La fillette de 12 ans s'est réfugiée dans les toilettes et a composé le 911. En quelques instants, les policiers sont arrivés à l'école.

Il n'y avait pas de tueur fou dans le couloir, mais la petite n'en pouvait plus de sentir vibrer son téléphone portable. « Chaque fois qu'elle regardait l'écran, elle trouvait un message texte de plus en plus méchant. Elle a paniqué», relate Maureen Baron, responsable du dossier cyberintimidation à la commission scolaire English-Montreal.

Dans une autre école, un garçon de 1ere secondaire, très petit pour son âge, a enduré toutes sortes de messages menaçants jusqu'à ce que l'un dise : «On sait à quelle heure ta mère promène le chien et on va l'attendre.» «Là, il a vraiment pris peur. Sa mère aussi. Elle a tout raconté à la police, qui est intervenue», précise Mme Baron.

À Montréal, comme ailleurs en Amérique du Nord, les policiers se retrouvent de plus en plus souvent mêlés aux dossiers d'intimidation. Notamment parce que l'internet a compliqué les choses.

«Depuis l'automne dernier, c'est particulièrement violent. Il ne se passe pas une semaine sans un incident, généralement lié à Facebook. Ce qui est troublant, c'est que ce sont presque toujours des filles qui sont en cause et qu'elles sont très jeunes», rapporte un directeur d'école montréalais.

«Les réseaux sociaux sont en train de créer des asociaux! Ça nuit aux relations interpersonnelles des jeunes parce que, derrière leur clavier, ils ont comme un filtre qui disparaît. Ça leur semble irréel mais, le lendemain, ils font face aux répercussions de leurs gestes, de ce qu'ils ont dit», ajoute-t-il.

Dans son école francophone une élève était à ce point malmenée sur le célèbre site de réseautage que la direction a conseillé aux parents de tout imprimer et d'aller au poste de police.

Le commandant Francesco Secondi, qui dirige la section des crimes technologiques au Service de police de la Ville de Montréal (SPVM), en a vu d'autres.

Il y a deux ans, des élèves avaient ouvert une page Facebook d'une méchanceté inouïe pour dénigrer une camarade de 15 ans qui avait un problème de poids. «C'était si affreux que les parents ont dû la changer d'école, dit-il. Pour nous, quand l'enfant a trop peur pour aller en classe, c'est grave.»

Son équipe a donc rencontré les créateurs de la page et donné une conférence à toute l'école.

Certains élèves sont carrément arrêtés et traduits devant le tribunal de la jeunesse, précise-t-il.
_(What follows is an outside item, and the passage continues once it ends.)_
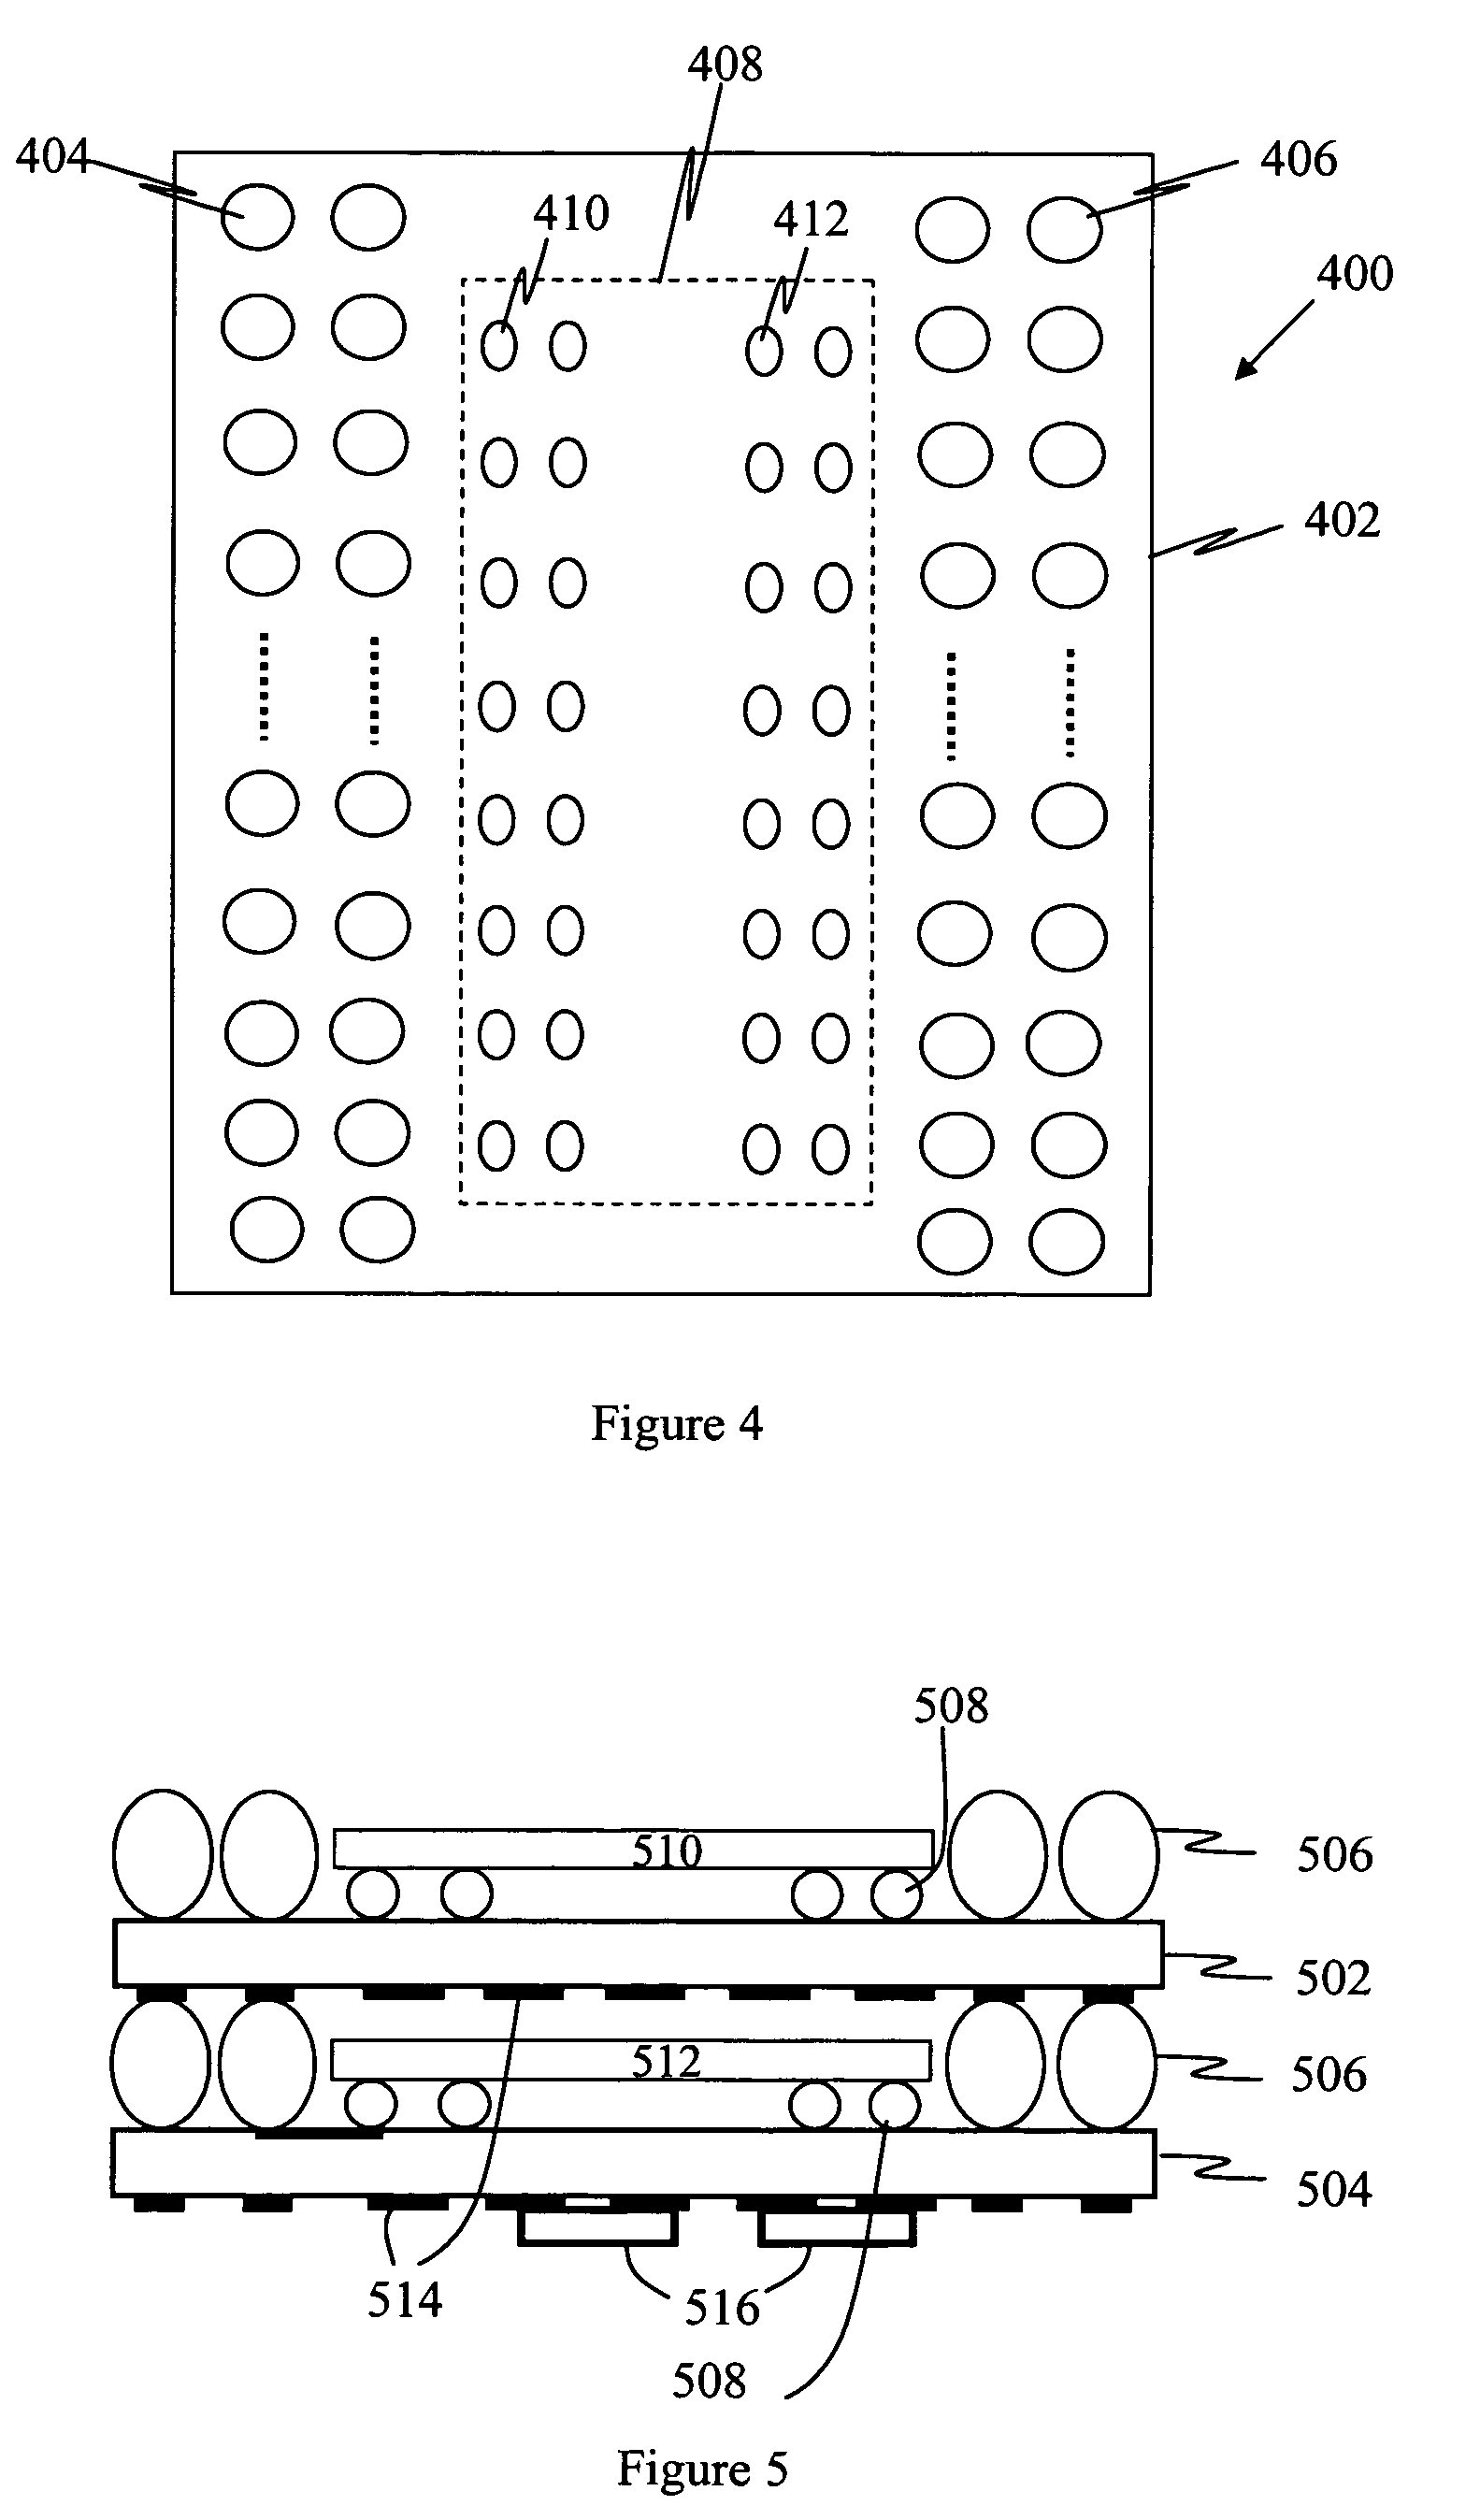 Stackable electronic assembly

C'est arrivé par exemple à un garçon de 16 ans qui bombardait une fille de son âge de messages dénigrants. Dans un premier temps, la police s'est contentée de le semoncer et l'école l'a suspendu pendant quelques jours, se souvient M. Secondi.

«À son retour, il lui a écrit qu'il lui ferait la vie dure, si jamais elle restait en vie, dit-il. On ne peut pas laisser passer une chose pareille.

Les jeunes doivent réaliser que, en vieillissant, leurs paroles en l'air font réellement peur aux autres.»

Bon an, mal an, l'équipe de M. Secondi contribue ainsi à faire accuser une dizaine d'adolescents qui ont intimidé, menacé ou harcelé un camarade. Un nombre bien plus important de jeunes se retrouvent toutefois au tribunal de la jeunesse pour les mêmes raisons. « Les enquêteurs n'ont pas toujours besoin de notre soutien parce qu'ils n'ont pas toujours besoin d'une preuve numérique», explique-t-il.

L'an dernier, le SPVM a par ailleurs volé au secours de 95 enfants et adolescents que Tel-Jeunes estimait en danger ou au bord du suicide. Dans bien des cas, l'intimidation faisait partie de leurs problèmes.